Required action:
Every line from the one with "Pair of large" to the end of the listing below must be printed exactly, with no other text and no pictures.

Dataset section:
=-=-=
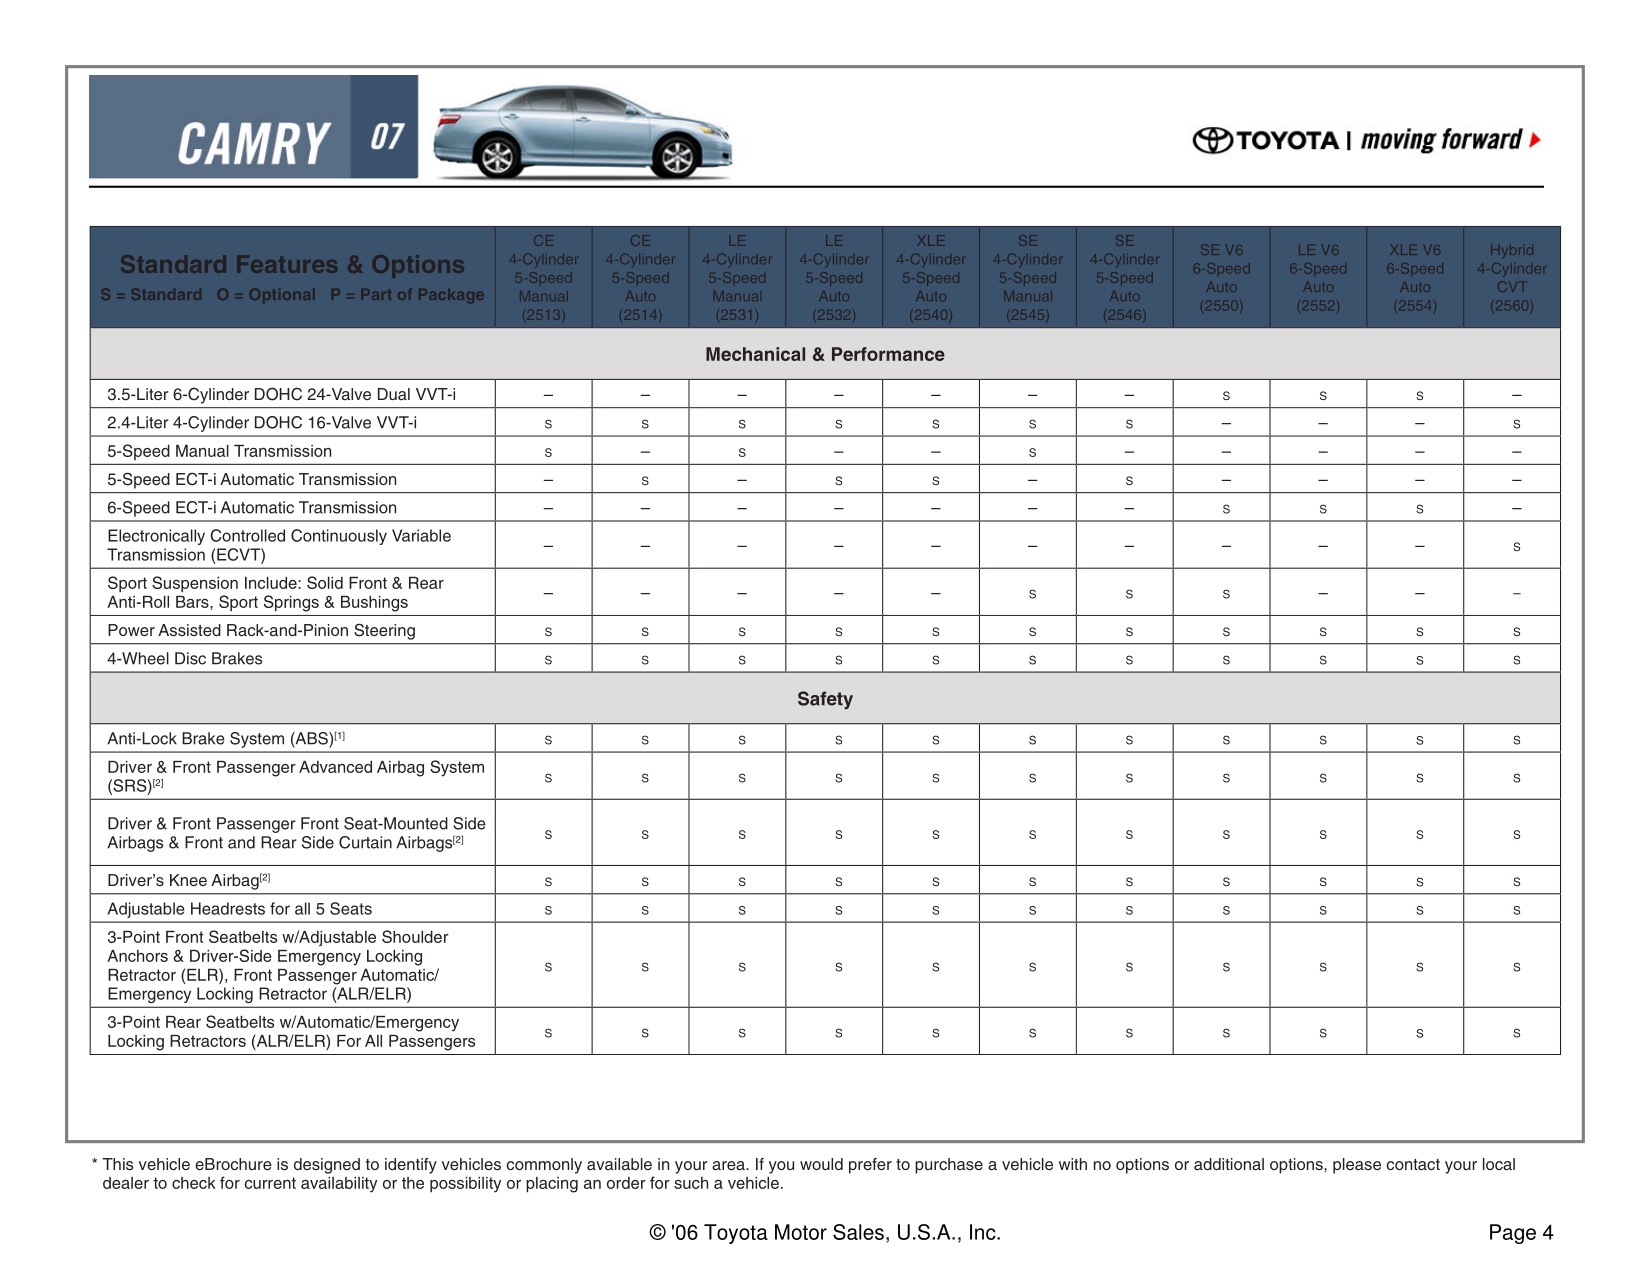 2007 Toyota Camry Brochure Page 3
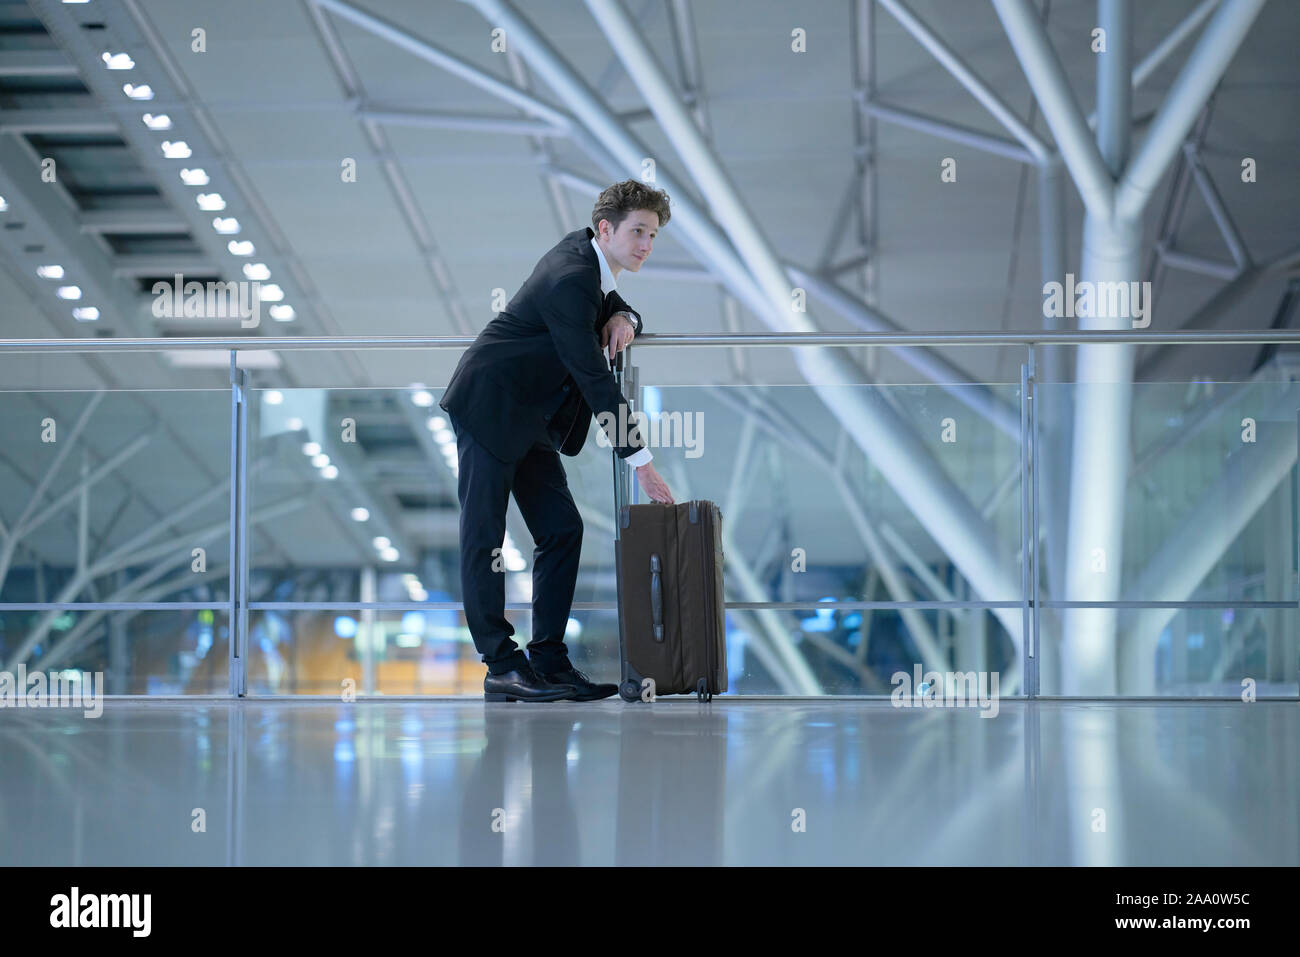 Young handsome businessman wearing a suit standing at the glass guard railing inside an airport with his hands at his rolling suitcase Stock Photo
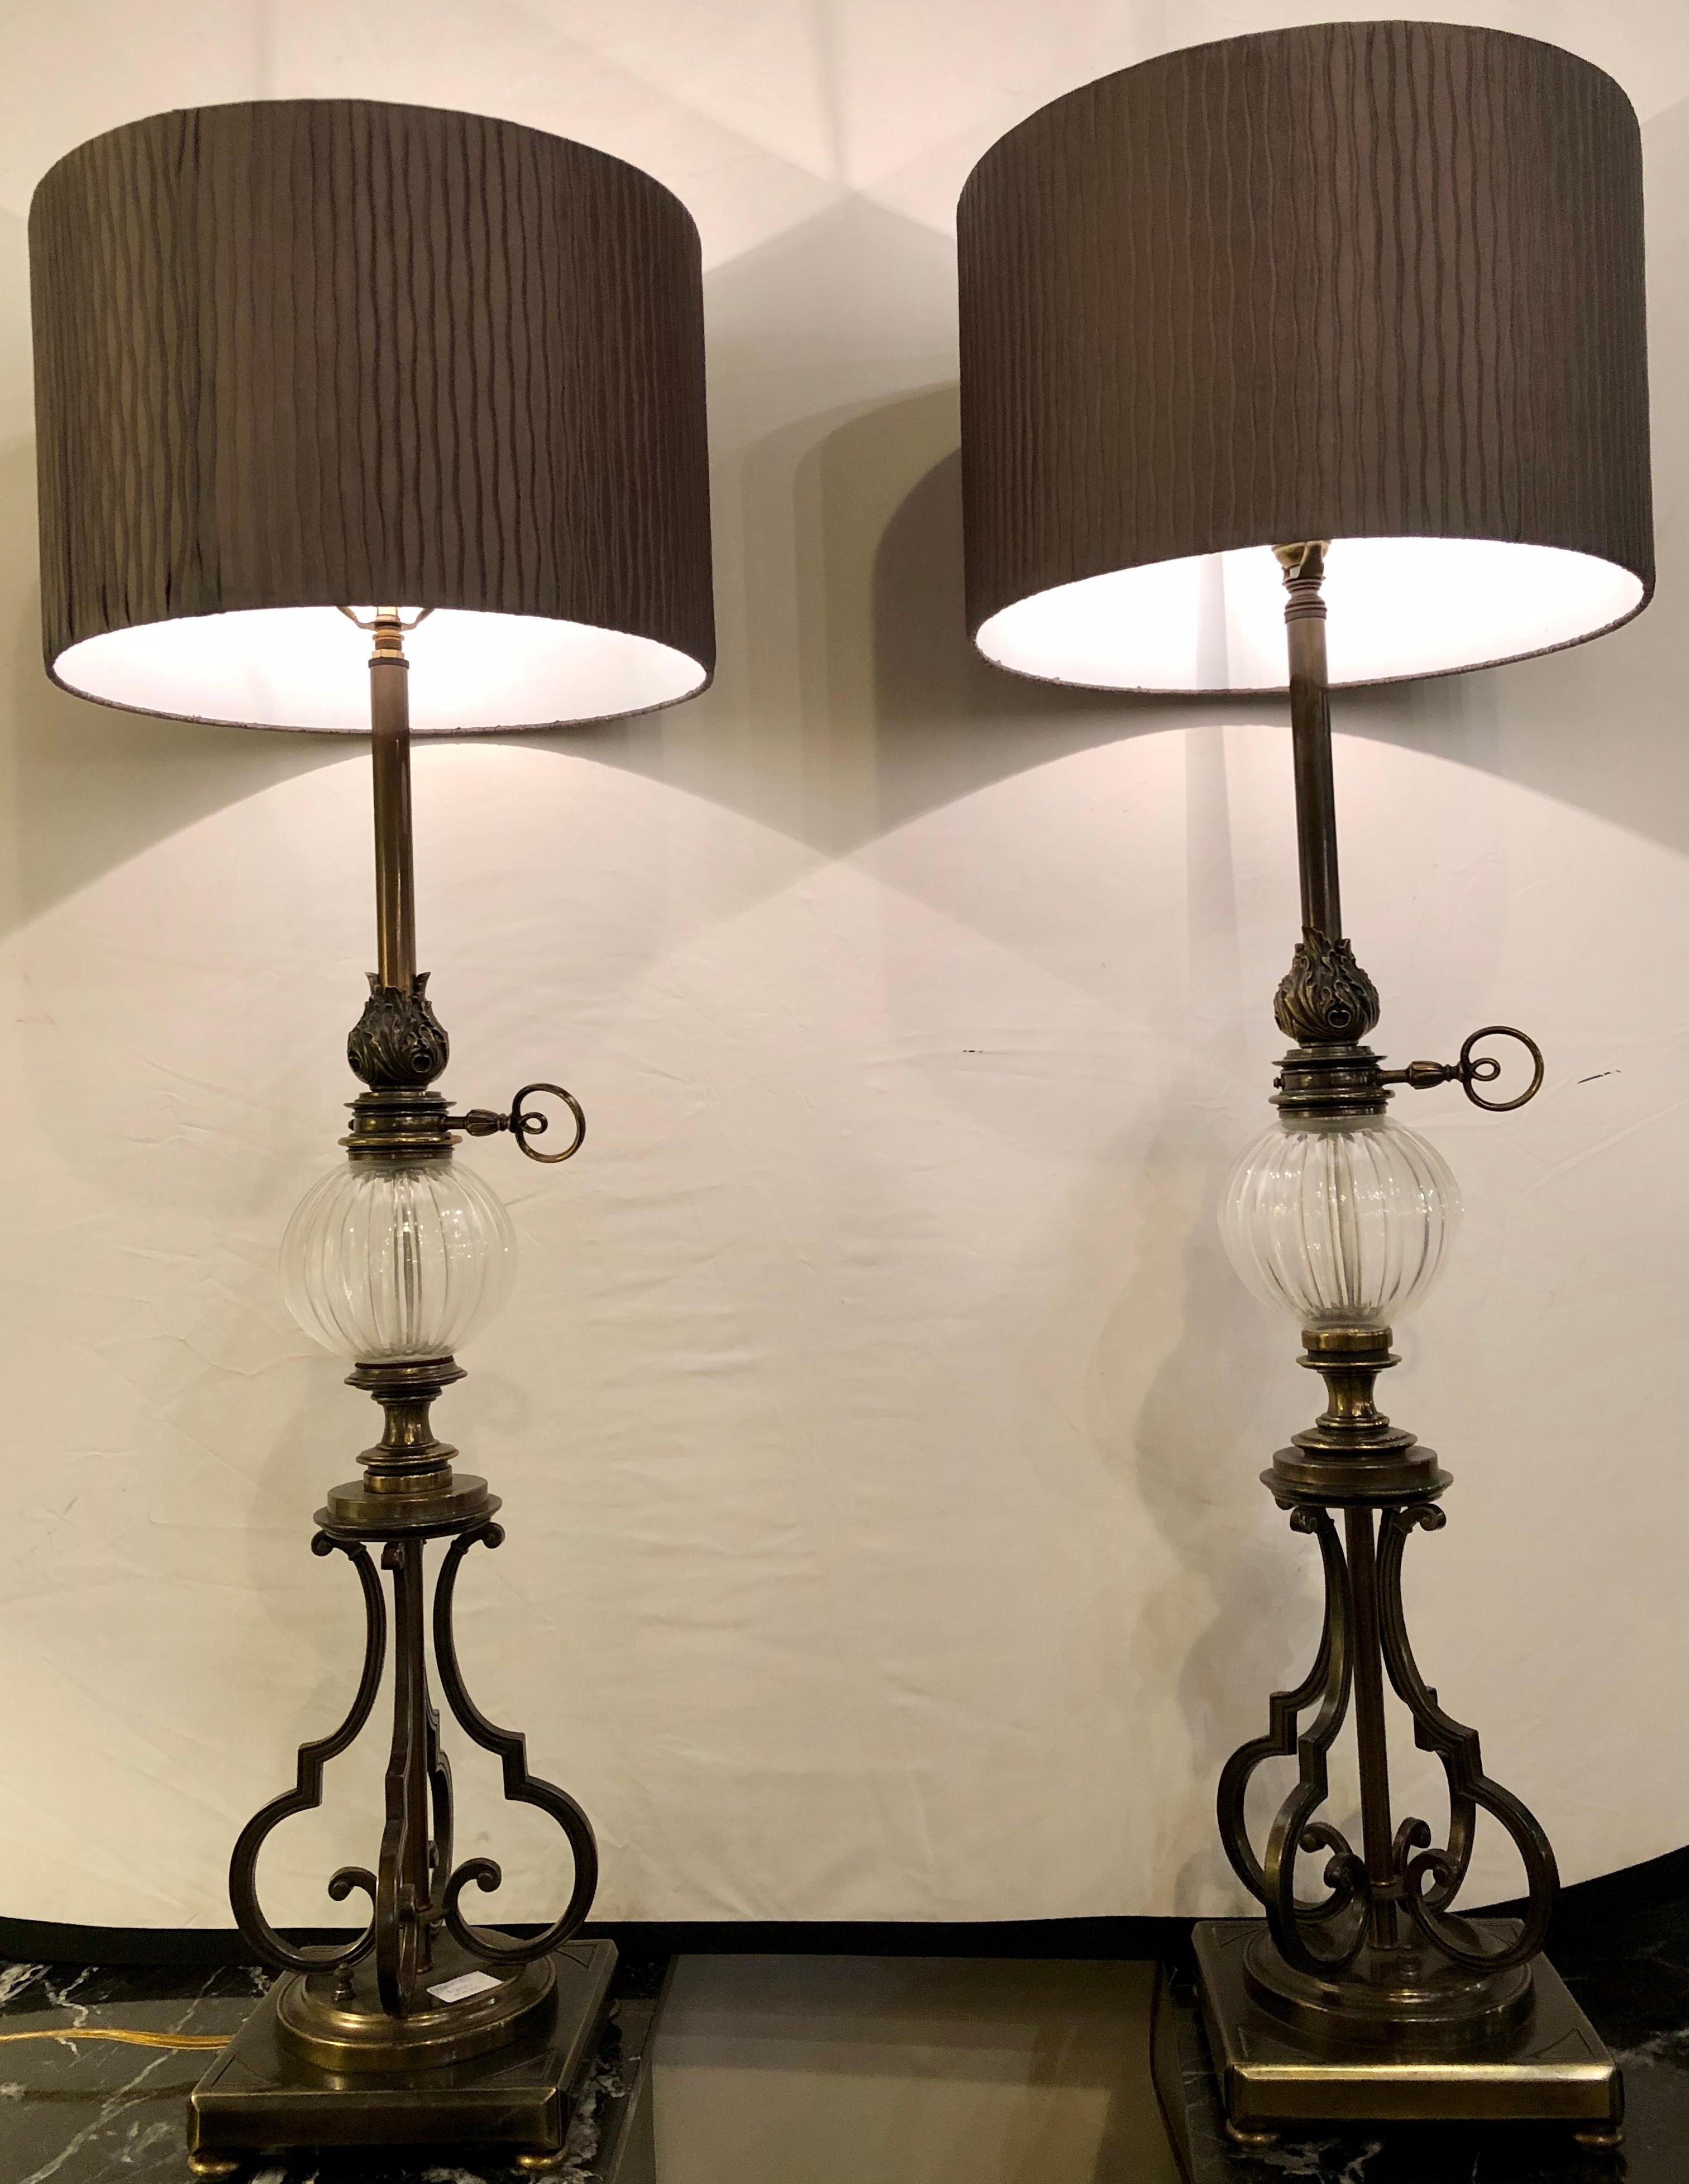 Pair of large Stiffel oil lamps each electrified with lovely custom matching lamp shades.

SX.
=-=-=
Task solution:
 Pair of large Stiffel oil lamps each electrified with lovely custom matching lamp shades.

SX.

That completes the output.